The Government needs to demand a commitment to reform from schools, GP surgeries and other primary health services
• The NSPCC is pleased that the Government has proposed that Children’s Services Authorities (CSAs) are created in every local authority, under the leadership of local Directors of Children’s Services.
• CSAs will be responsible for ensuring that all local services, such as education, social services and health, are working together to improve children’s lives.
• They will also be responsible for protecting children from being abused.
• Key local services will have a legal duty to work collaboratively, (a ‘duty to co-operate,’) to plan and deliver integrated services to children and young people.
• Key services bound by that duty include local education authorities, social services and health authorities.

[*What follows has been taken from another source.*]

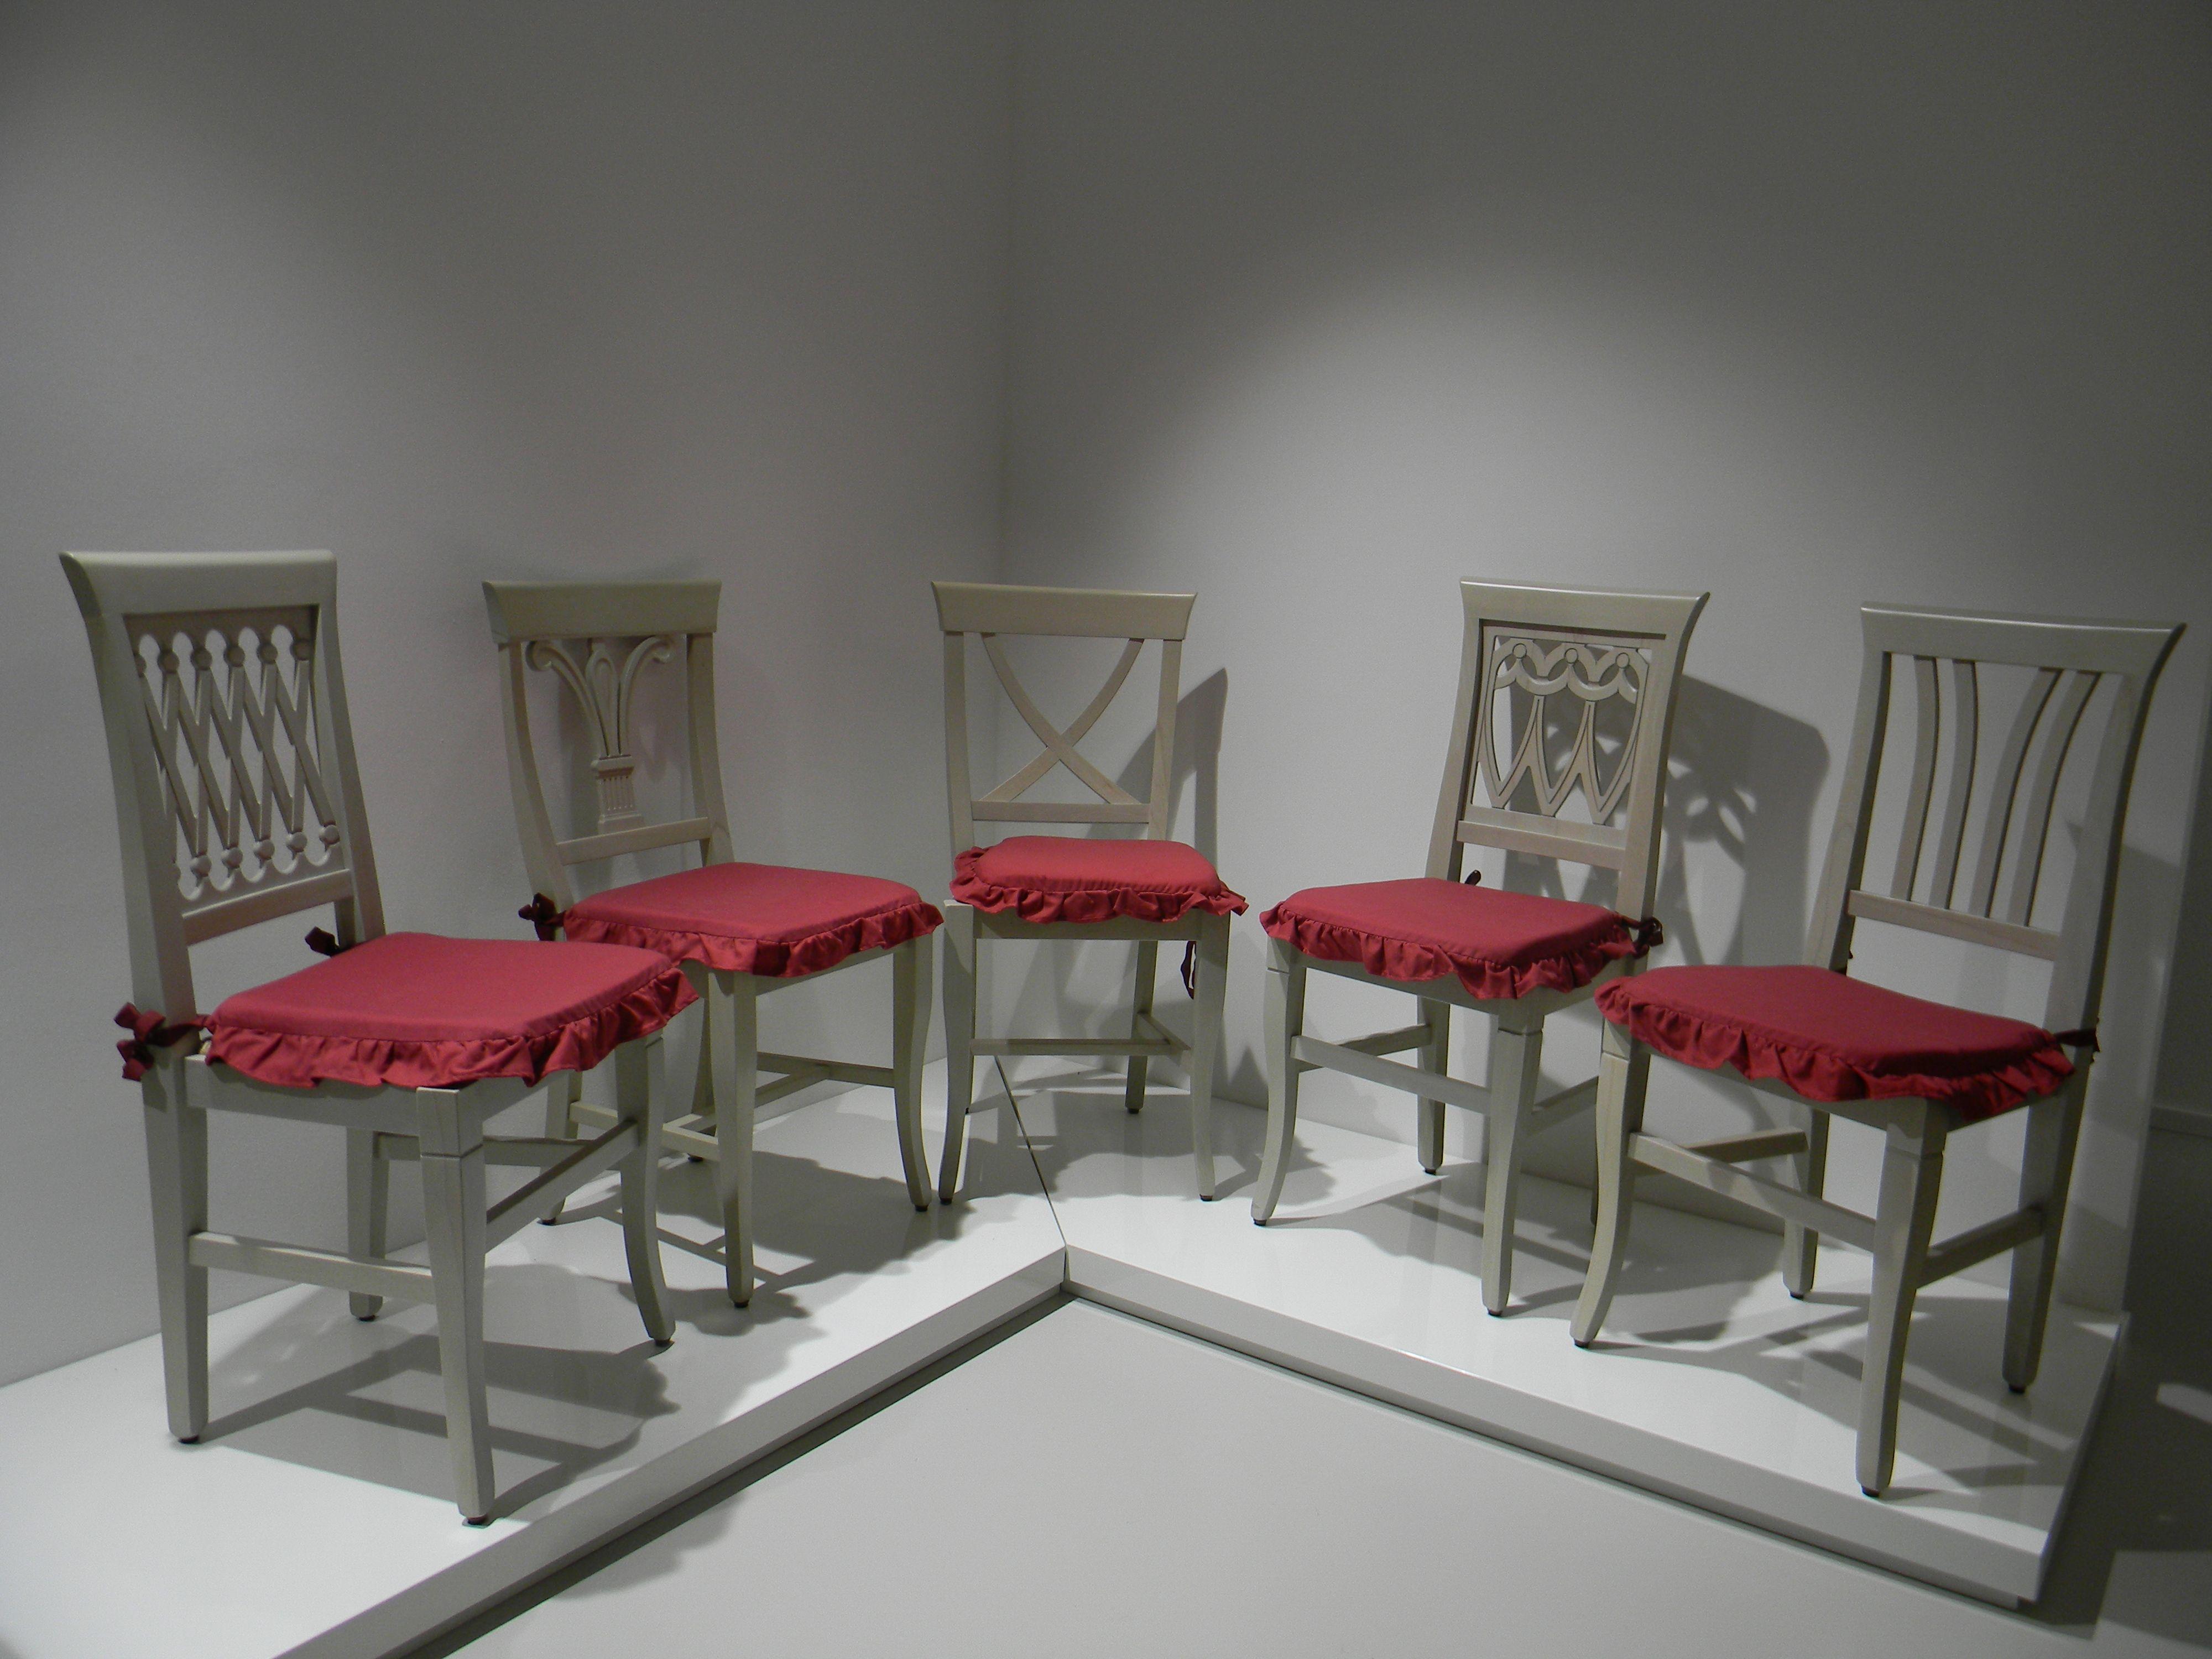 Franzoni Sedie ~ Franzoni sedie best sedie gambassi sedie with franzoni sedie

• However, the NSPCC believes that the Children Bill is not specific enough and that schools and health services commissioned by primary care trusts, such as GP surgeries and walk-in centres, and registered social landlords, such as housing associations, should also be named as having a duty to co-operate.
• This would guarantee their involvement in the development and delivery of local plans to improve the lives of children and protect them from abuse.
The expectations and remit of the Children’s Services Authorities should be strengthened
• The NSPCC welcomes the proposal for Children’s Services Authorities (CSAs) to have lead responsibility for improving children’s lives at a local level.
• However, the NSPCC believes that it needs to be far more robust in the expectations it has of them.
• The Government has said that Children’s Services Authorities should from time to time prepare and publish a children’s plan. However, it is not specific about how often those plans should be produced or what their objectives and targets should be.
• Also, CSAs belonging to ‘gold standard’ local authorities do not have to produce a plan, irrespective of the performance of local services.
• The NSPCC believes children’s plans should be the glue that hold local partnerships to account.
• It should be mandatory for all local partnerships to produce children’s plans that set out clear objectives and targets for improving the lives of children in their local area.
• Local partnerships should also be required to produce specific strategies on how they propose to protect children from abuse.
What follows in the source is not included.